The study is testing the MRKAd5 HIV-1 gag/pol/nef trivalent vaccine. The vaccine is a mixture of three components, each with a common weakened version of a type 5 adenovirus that serves as a delivery vector or carrier and one of three different HIV genes known as gag, pol and nef. The vaccine cannot cause an infection in any person, as the genes are synthetically produced. Additionally, volunteers cannot get infected from the vaccine vector. Although many types of adenoviruses are among the causes of upper respiratory ailments such as the common cold, the adenovirus used in the investigational vaccine has been modified so that it cannot multiply itself. This vaccine has been tested in close to 2500 people and has been found to be generally well-tolerated and capable of inducing CMI responses.

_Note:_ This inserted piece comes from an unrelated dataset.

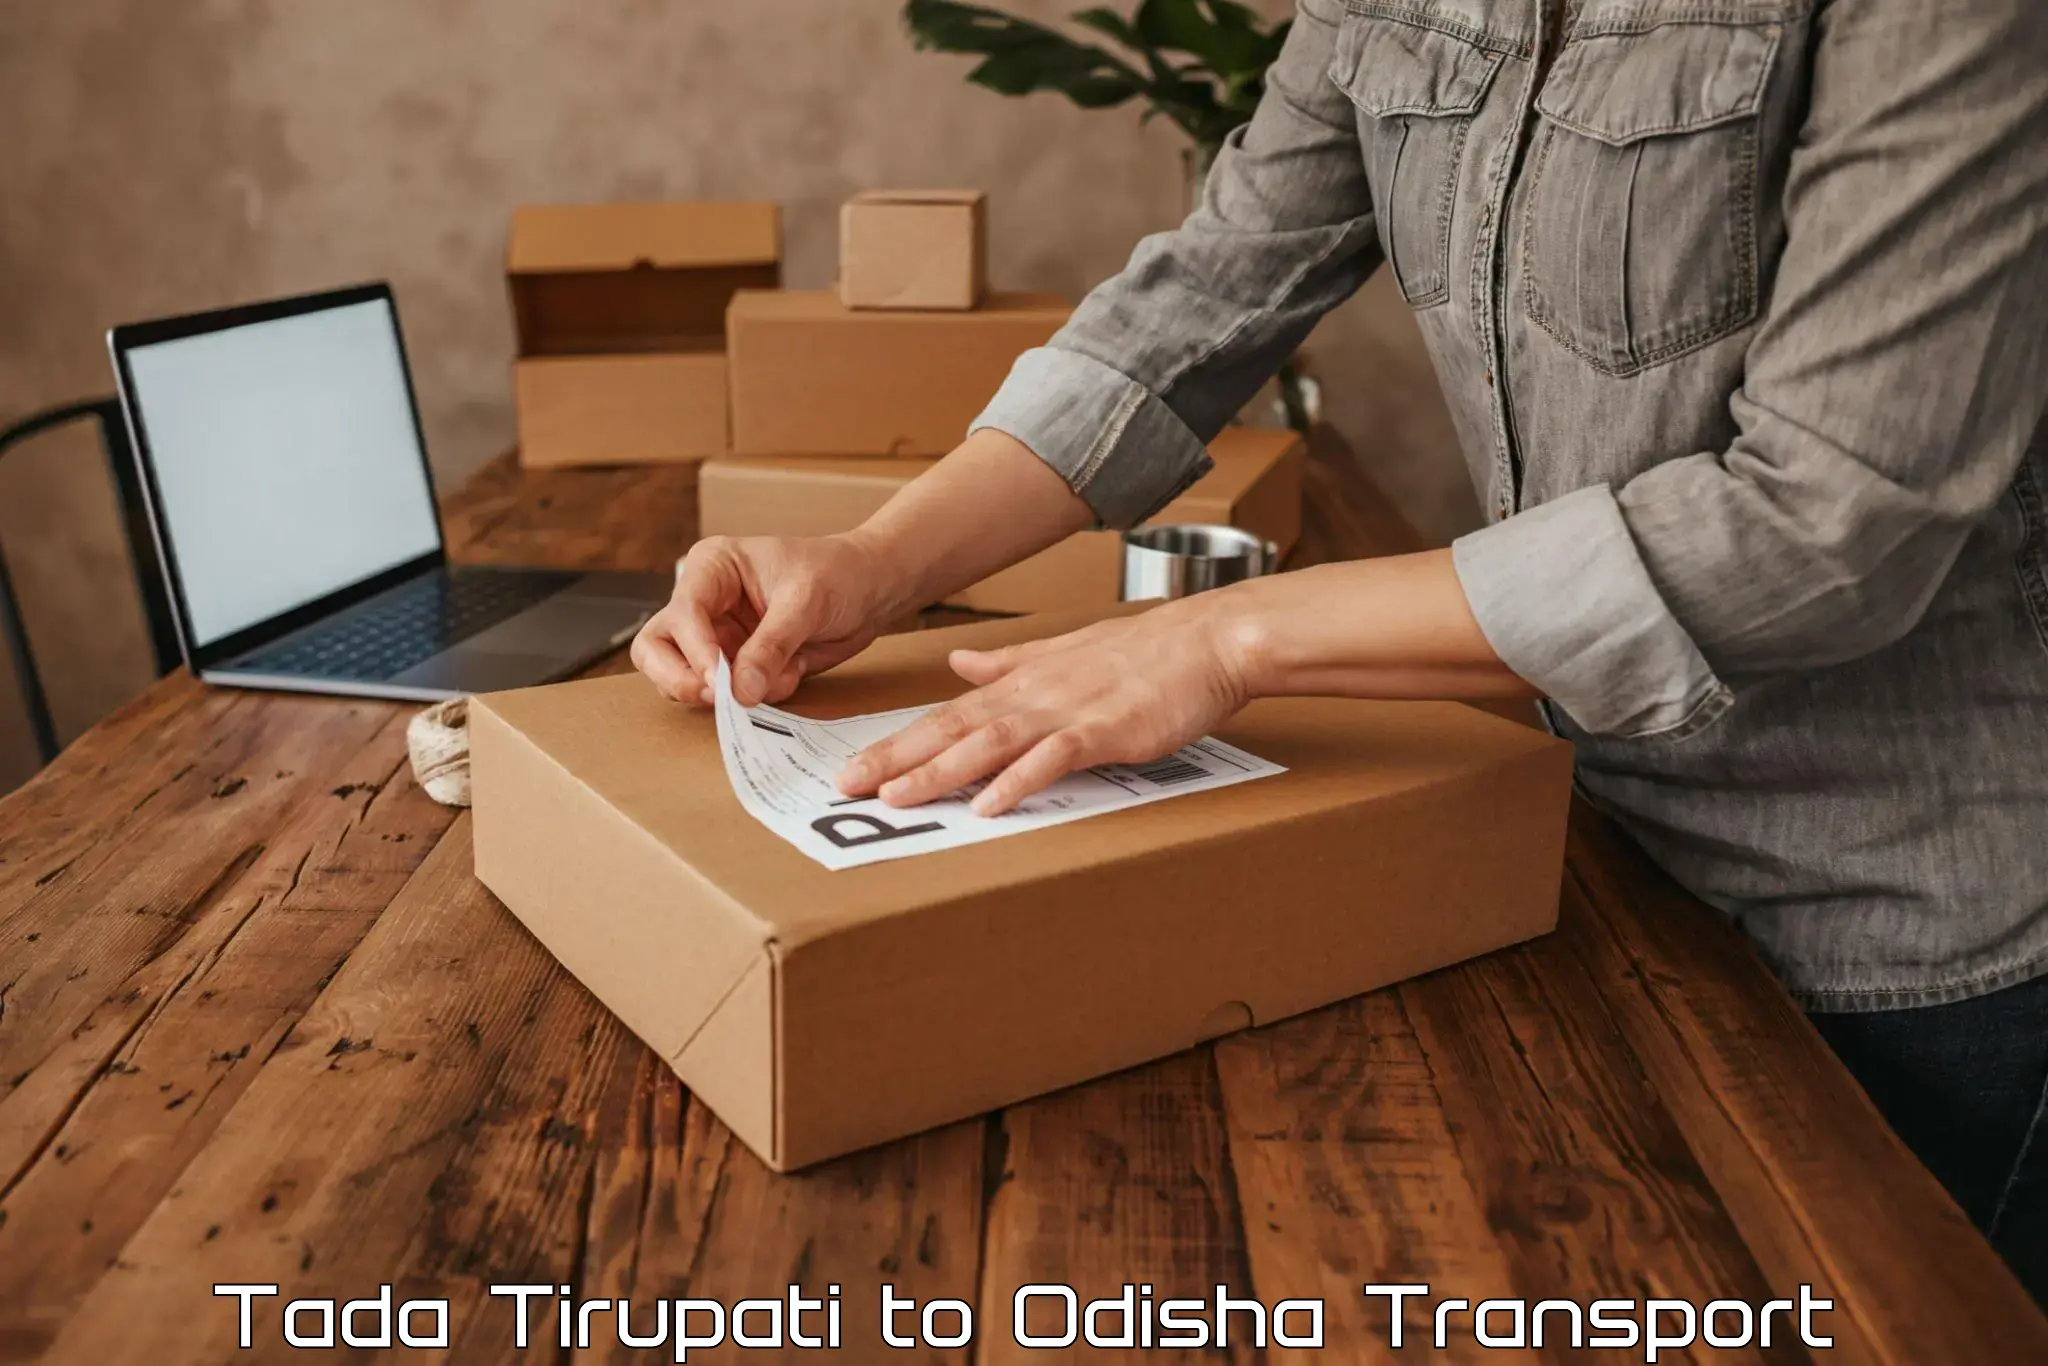 Nearest transport service Tada Tirupati to Odisha

The trial, which began in December 2004, enrolled 3,008 adult volunteers at sites around the world.

The study site locations include:

North America: Boston; Birmingham, AL; Chicago; Decatur (Atlanta), GA; Denver; Houston; Los Angeles; Miami; New York; Newark, NJ, Philadelphia; Rochester, NY; St. Louis; San Francisco; Seattle; Toronto; Montreal; Vancouver, BC;.

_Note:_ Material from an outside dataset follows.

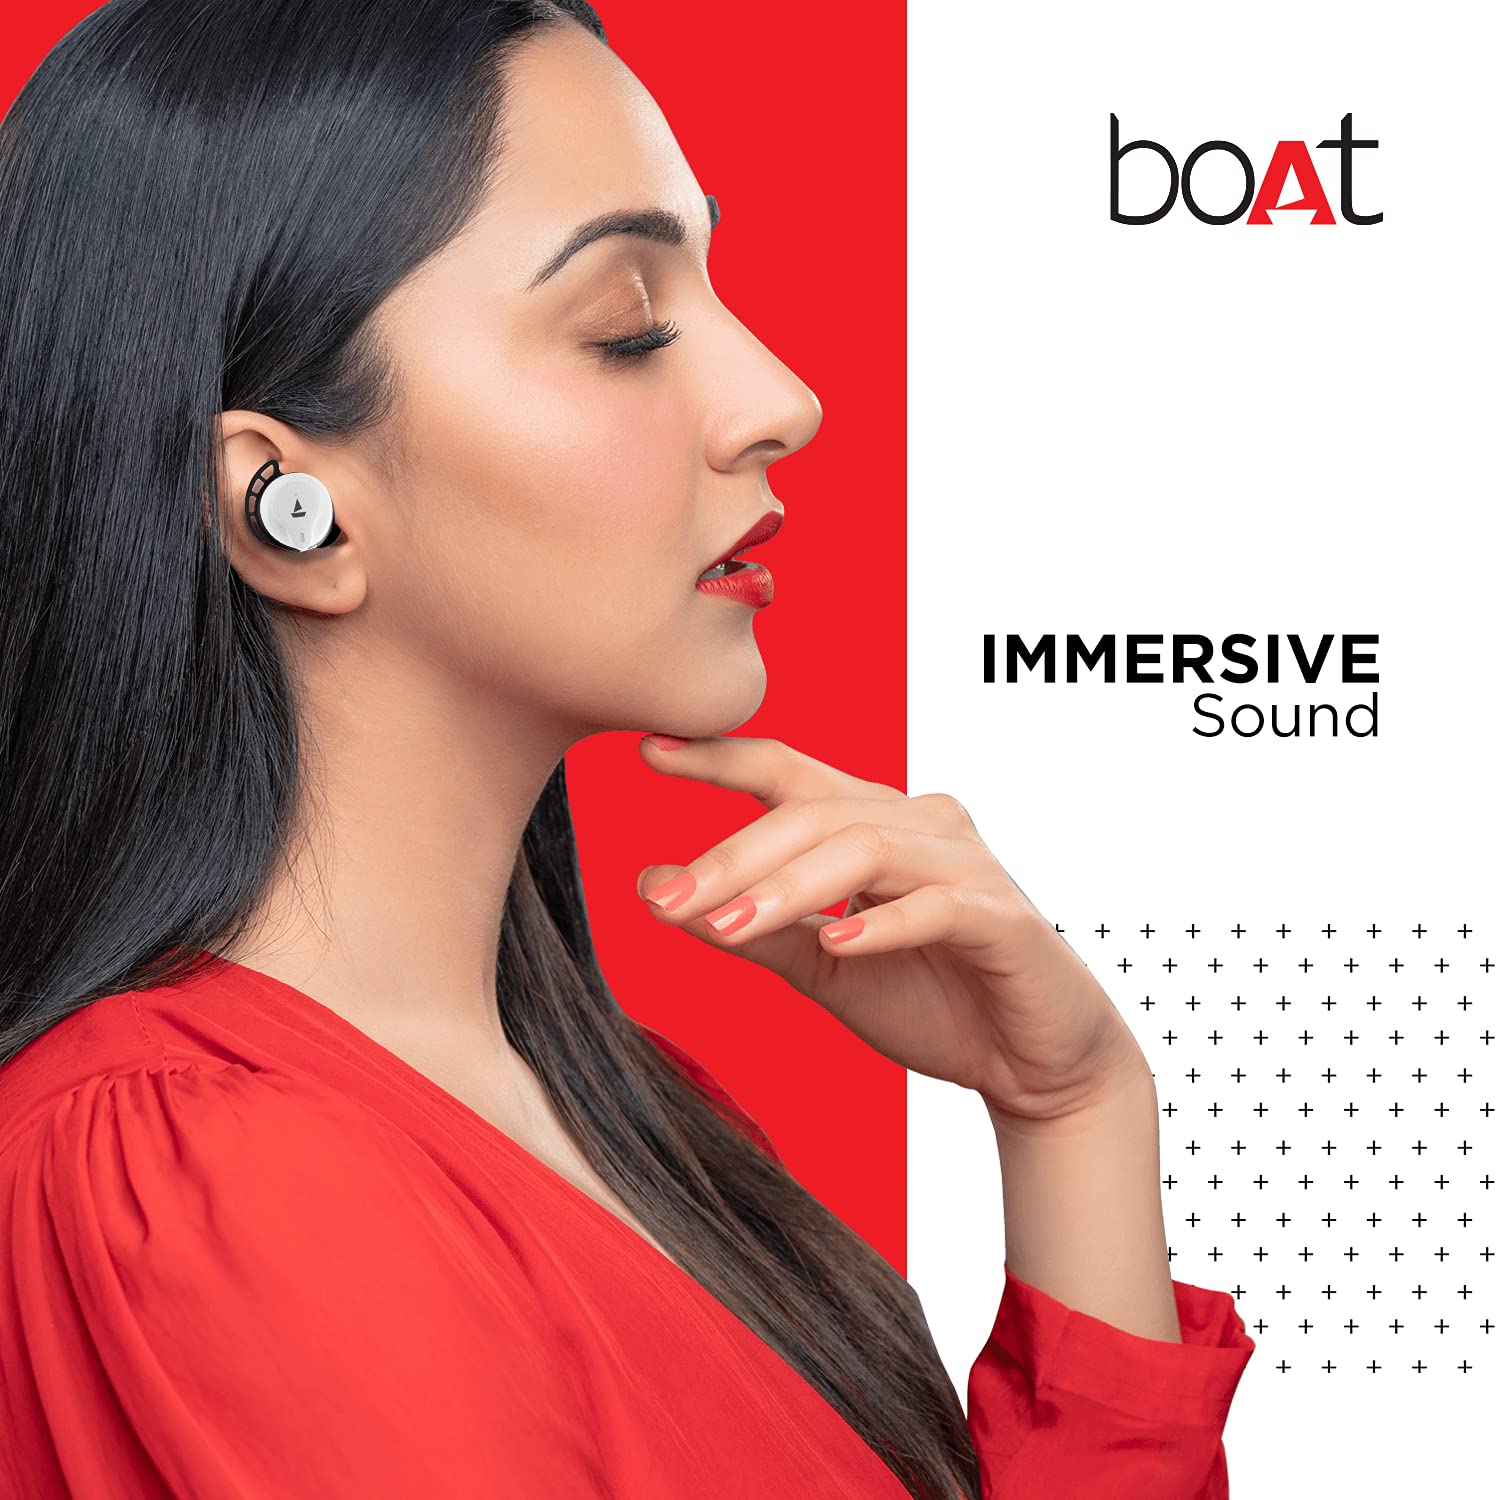 एमेजॉन की सबसे सस्ती डील, हजार रुपये से कम में खरीदें Boat के हेडफोन !

South America: Iquitos and Lima, Peru; Rio de Janeiro and Sao Paulo, Brazil

Caribbean: Santo Domingo, Dominican Republic; Port-au-Prince, Haiti; San Juan, Puerto Rico; Kingston, Jamaica.

Australia: Sydney

The Step study is a multicenter, randomized, double-blind, placebo-controlled phase IIb "test-of-concept" clinical trial. The trial enrolled HIV-negative volunteers between 18 and 45 years of age at high risk of HIV infection and who met certain medical and non-medical criteria. After an initial HIV screening, confirmation of eligibility criteria, and thorough informed consent process, participants were randomly assigned to receive either the study vaccine or placebo. Neither the study investigators nor the trial participants know who is getting the study vaccine or placebo until the trial is completed. All participants were to be followed for up to four years to check the HIV status of the volunteers during regular study visits.

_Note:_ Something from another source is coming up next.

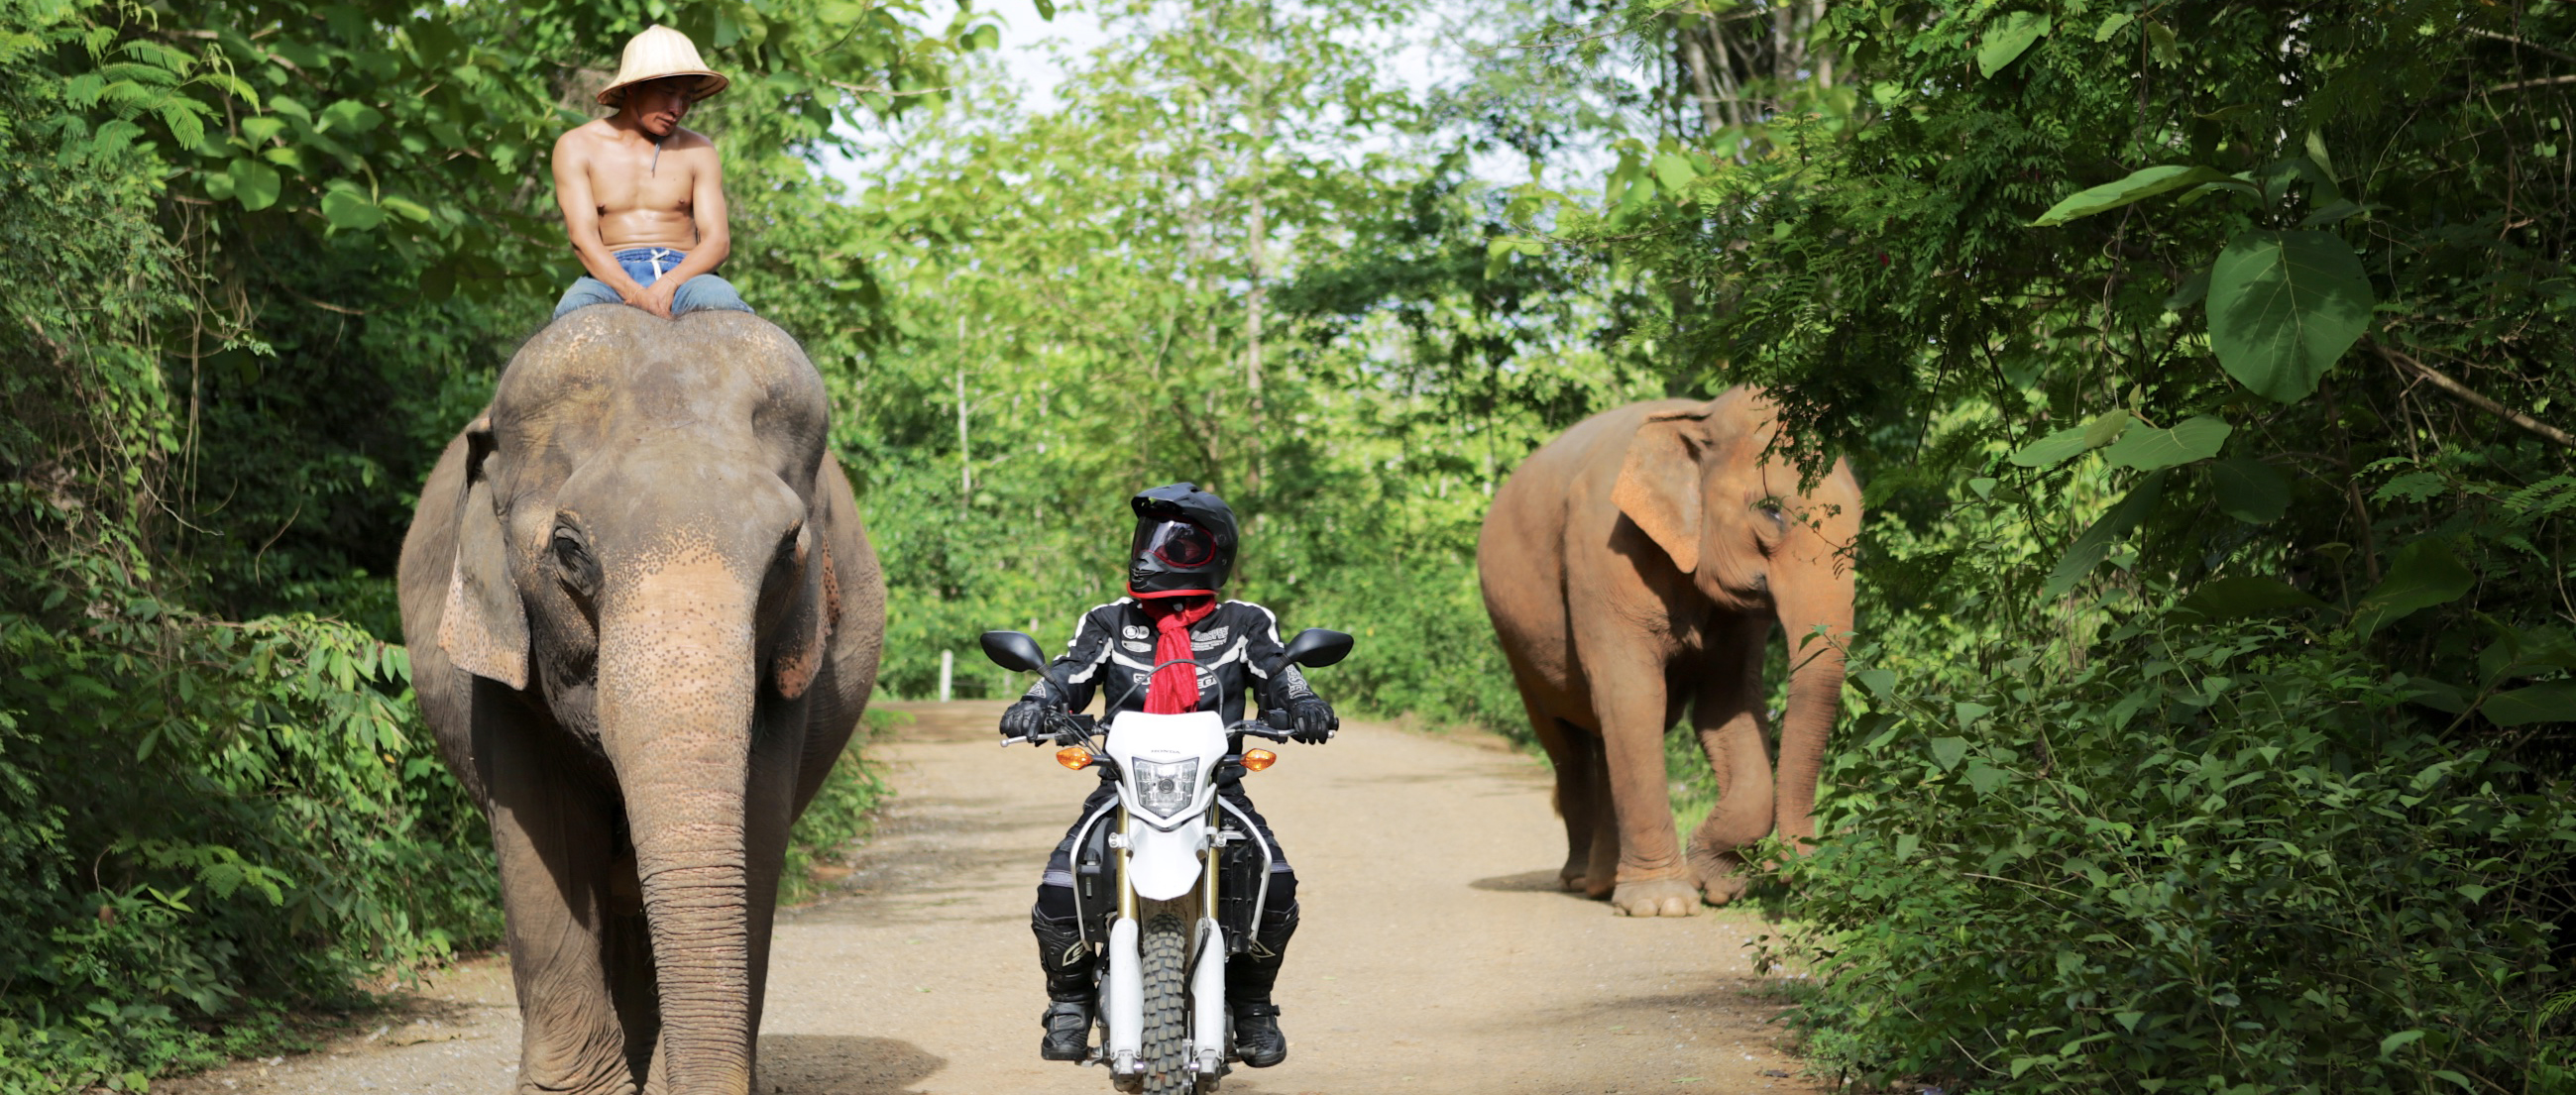 5 Day The Grey Elephant Motorbike Tour Laos

All participants receive risk reduction counseling and condoms at each study visit as part of participation throughout the trial. Infected volunteers will be referred for HIV evaluation, treatment and care and offered continued immunological and virological follow-up assessment in this trial.

Initially, the study only enrolled individuals with low pre-existing antibodies to type 5 adenovirus but was later opened to anyone irrespective of pre-existing level of antibodies following an early data assessment from other studies.